> WORK ITEM
What you return should be the full listing, word for word, without a single image.

> SUPPLIED DATA
□ □ □ □

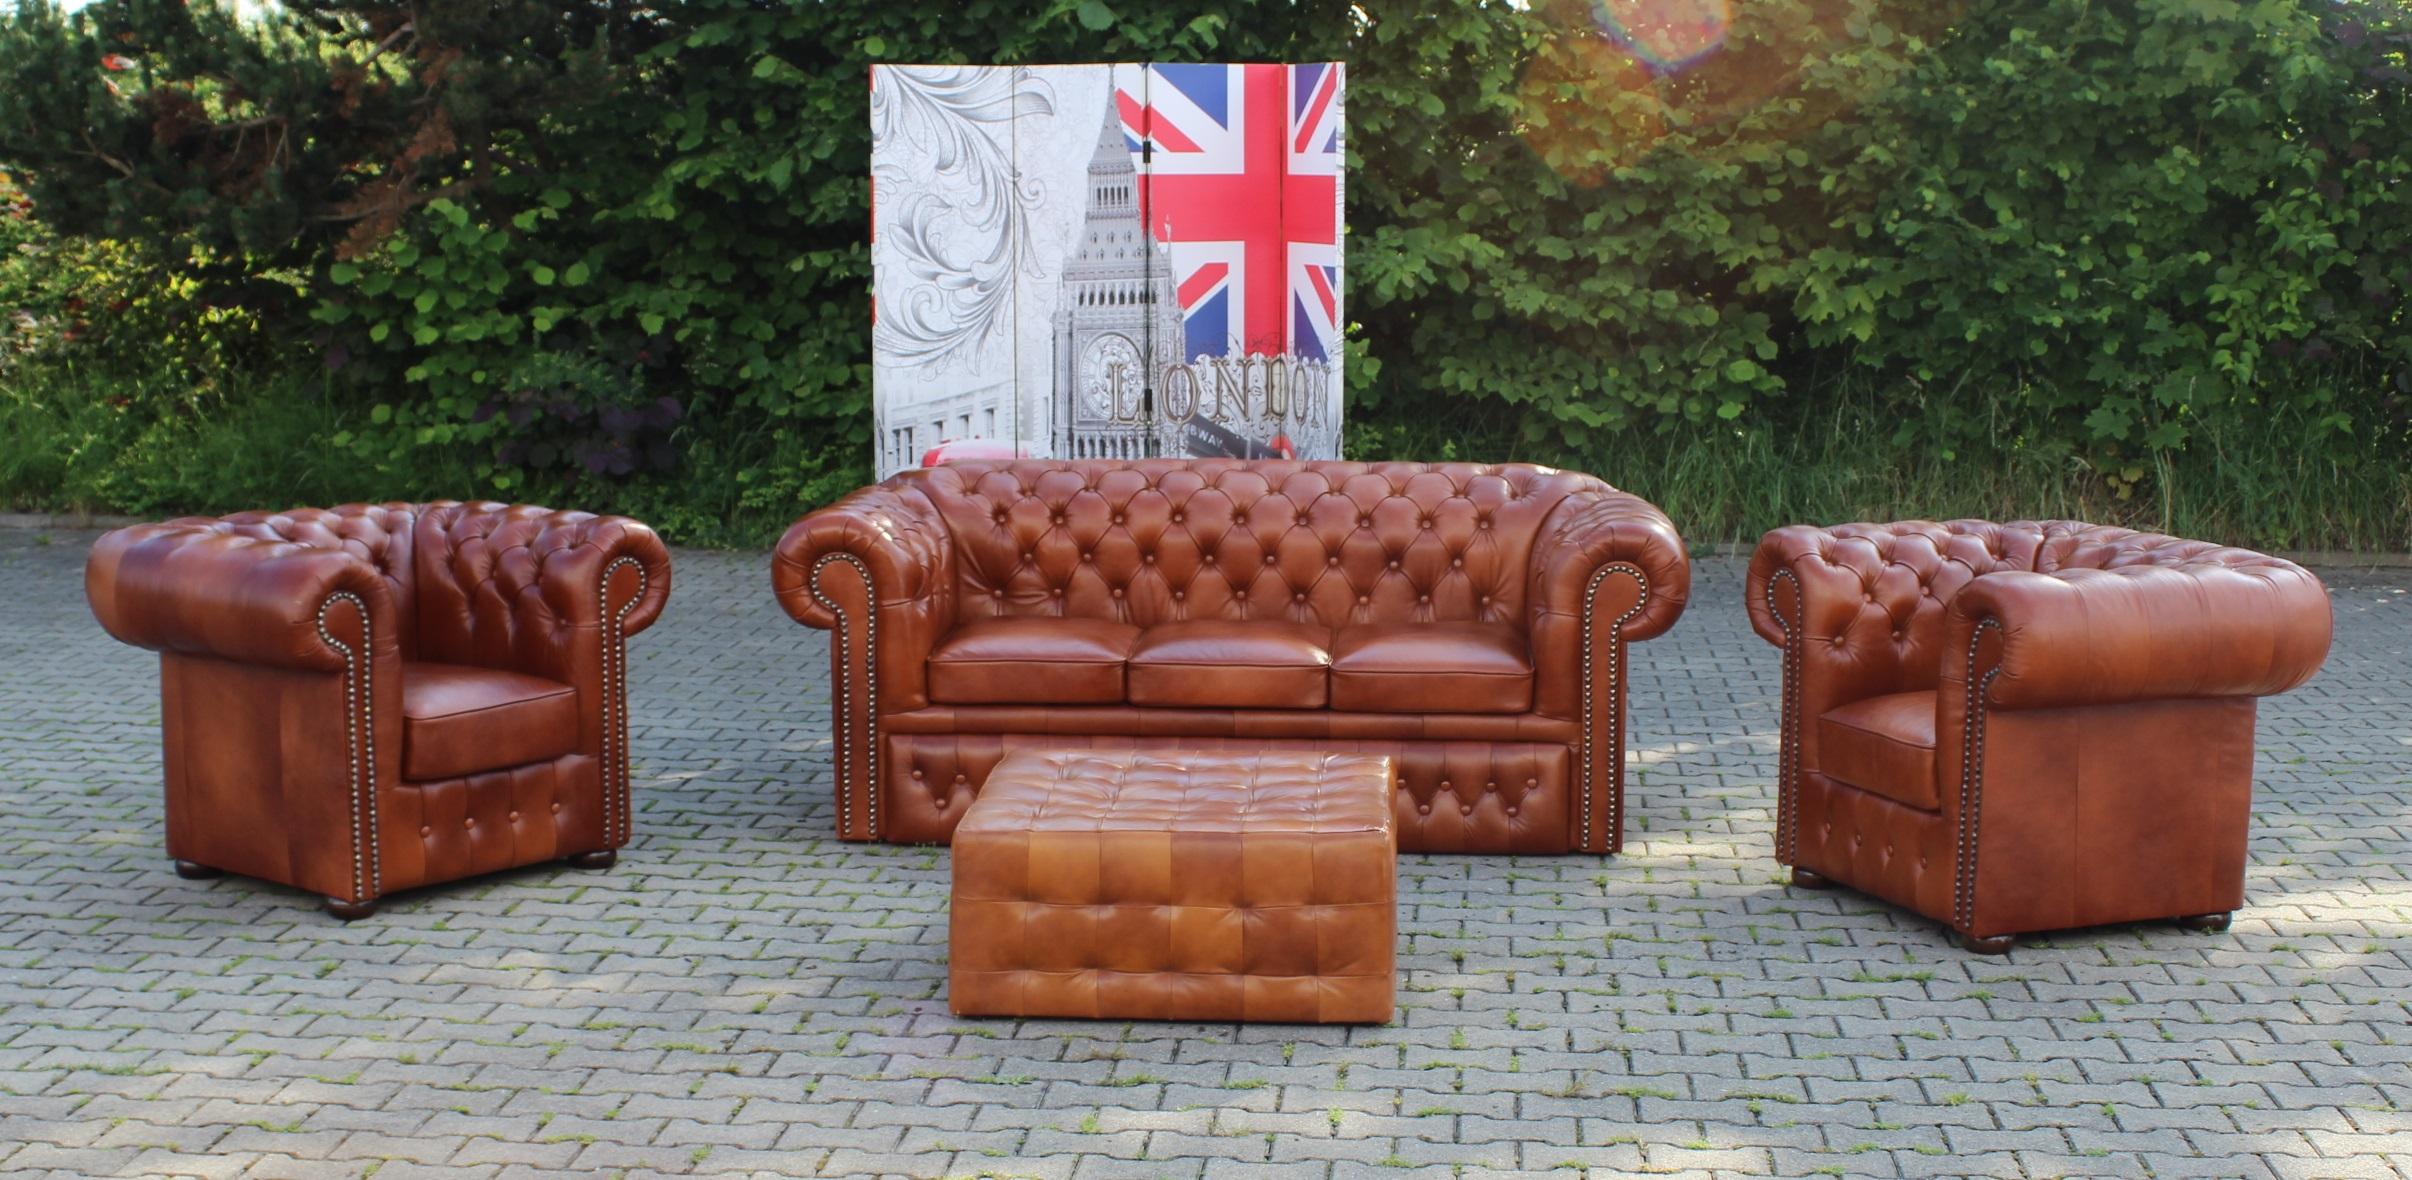 Malerisch Leder Sofa Garnitur Foto Von Sofagarnitur Naxford 3+2+1+hocker
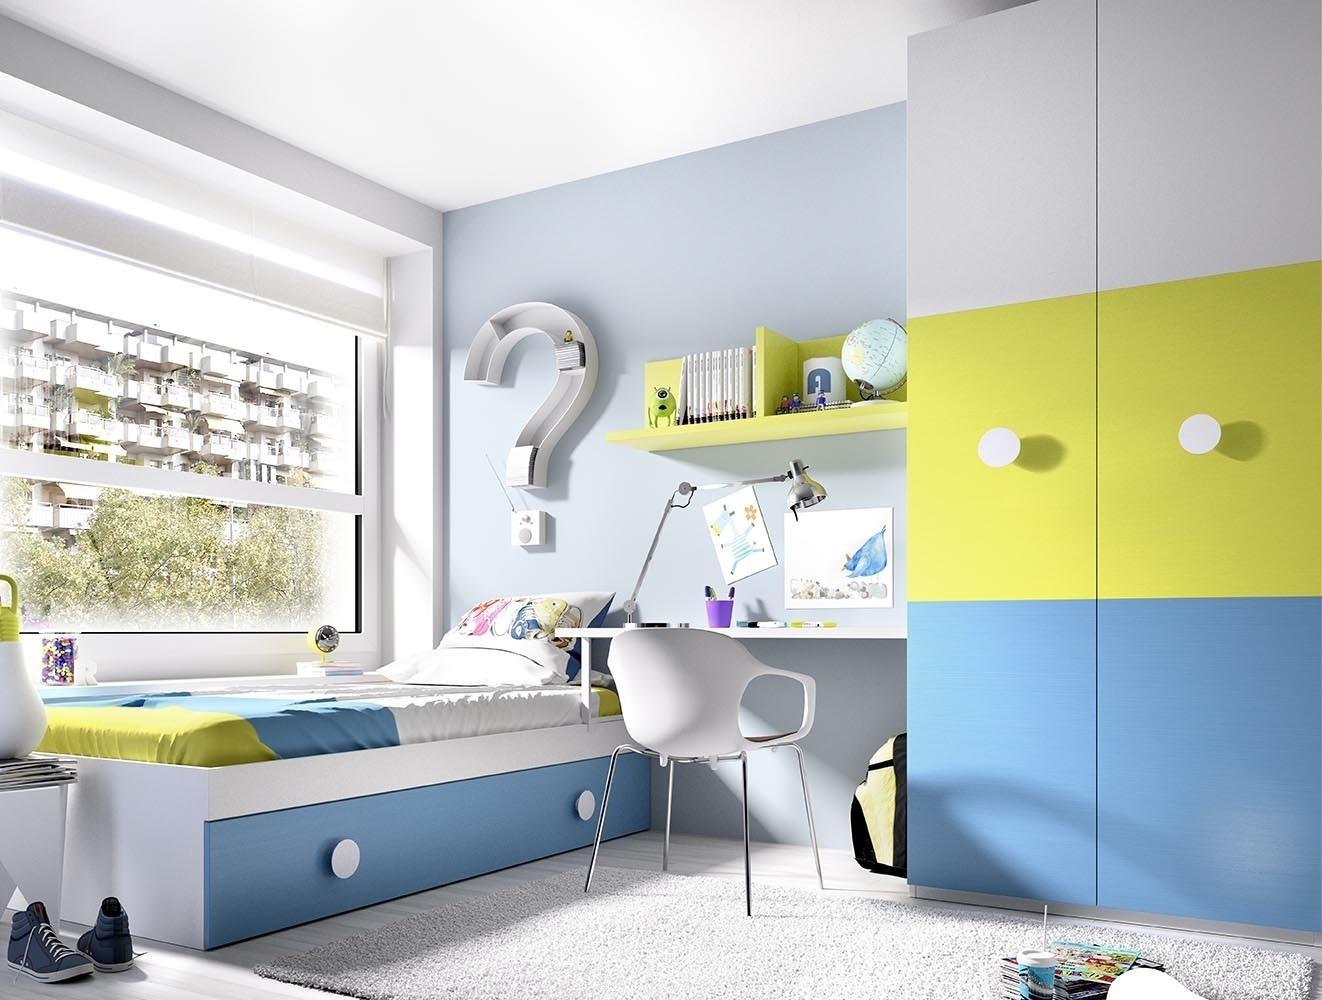 Camera colorata e capiente k 212 mobili bambini armadio letto - Armadio camera bambini ...
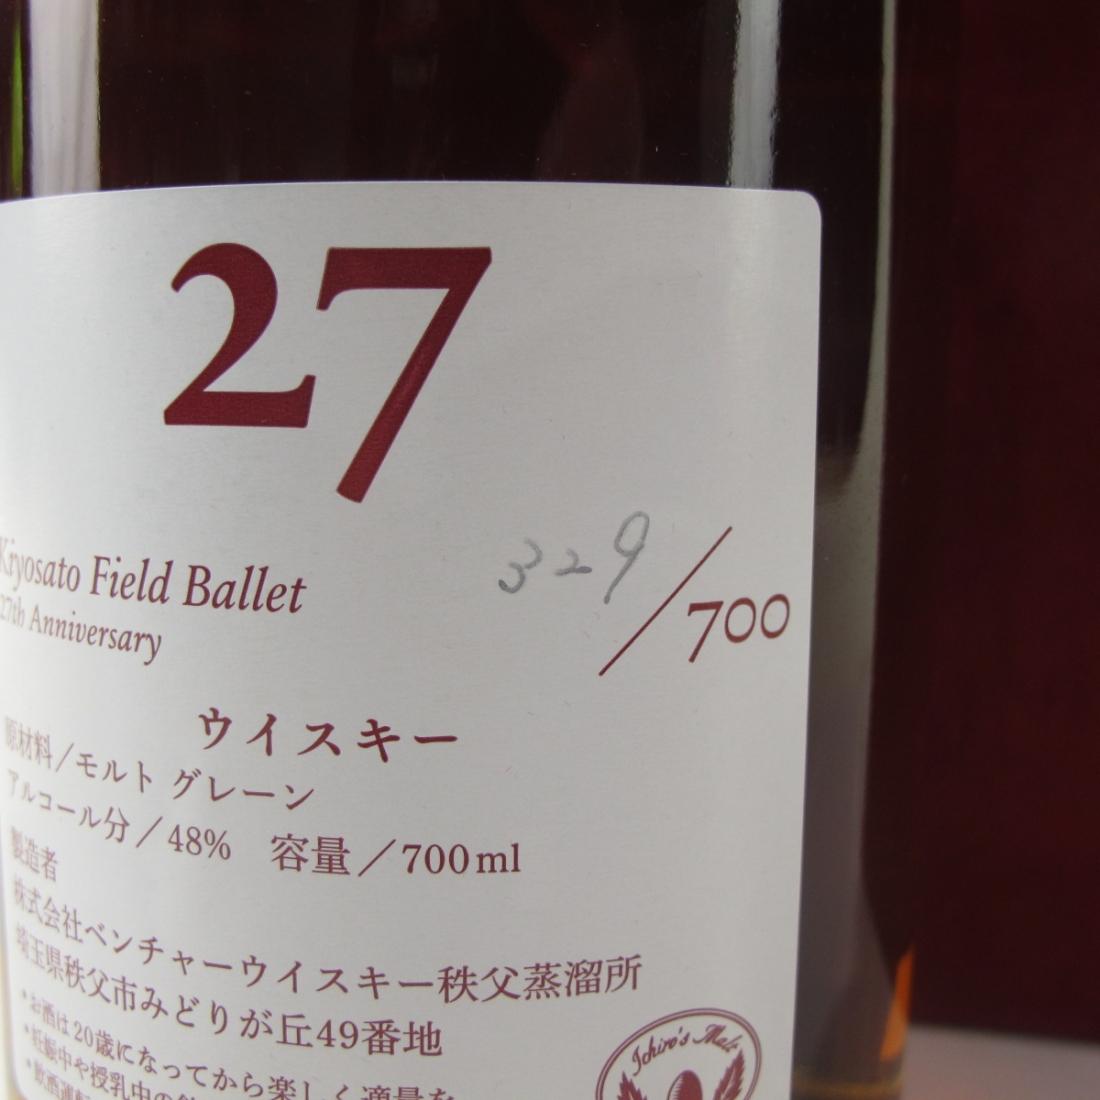 Ichiro's Malt & Grain Kiyosato Field Ballet 27th Anniversary Hanyu / Kawasaki

□ □ □ □

> WRITTEN ANSWER
 Malerisch Leder Sofa Garnitur Foto Von Sofagarnitur Naxford 3+2+1+hocker
 Camera colorata e capiente k 212 mobili bambini armadio letto - Armadio camera bambini ...
 Ichiro's Malt & Grain Kiyosato Field Ballet 27th Anniversary Hanyu / Kawasaki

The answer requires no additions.